1. yves - 16 décembre 2007

Merci pour ce nouvel épisode ! Il faut tout de même se reposer le dimanche.

2. Marie-Aude - 16 décembre 2007

C’est gentil de se soucier de moi :)

3. andrem - 16 décembre 2007

Quelque chose commence à m’embarrasser dans cette histoire. Le poids des traditions, le poids de la culture, et parfois la nécessité de ces traditions et de cette culture pour vivre dans un monde donné, par exemple la limite du désert, cet espace qui me fascine tant mais impose sa loi.

Mais une fois changé de monde, tout se détraque, comme le montre l’histoire, dont je suppose qu’elle n’est pas finie, et Habiba, qui dispose de toutes les armes pour comprendre, n’entrevoit même pas que certaines chaînes n’ont plus lieu d’être.

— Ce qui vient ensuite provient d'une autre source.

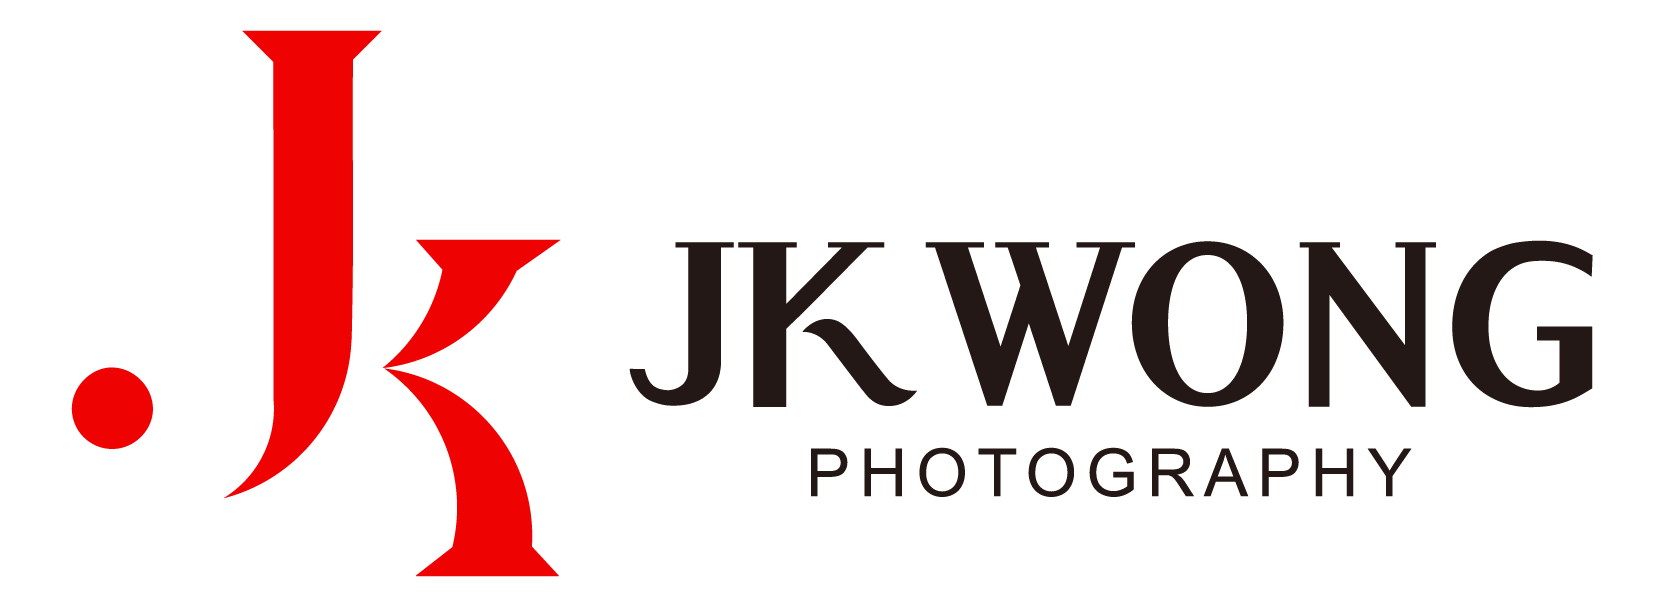 JKWONG PHOTOGRAPHY

Mais je vais peut-être plus vite que la musique, et les filles à leur tour ont peut-être leur rôle à jouer.

Je connais une Habiba voisine. Et le la vois, doucement, à son rythme, presque à son insu, ne serait-ce qu’en la voyant chaque jour un peu plus accrochée à son voile comme s’il lui échappait inévitablement, comme si ses cheveux s’en échappaient d’eux-même; son mari du même type qu’Aziz, mari normal et c’est là le plus terrifiant, normal, ni bourreau ni fanatique, je la vois qui s’interroge.

Elle ne me dit rien, pensez donc, je suis un extra-terrestre, pour elle, et je n’ai là aucune espèce d’importance. Elle seule face à elle importe, elle doit faire seule ce chemin, dans son corps et dans son âme, et ce chemin est douloureux. Je n’y peux rien, sans regarder je le vois, je la vois qui s’y engage, en avançant un pied puis l’autre, entre rempart et précipice.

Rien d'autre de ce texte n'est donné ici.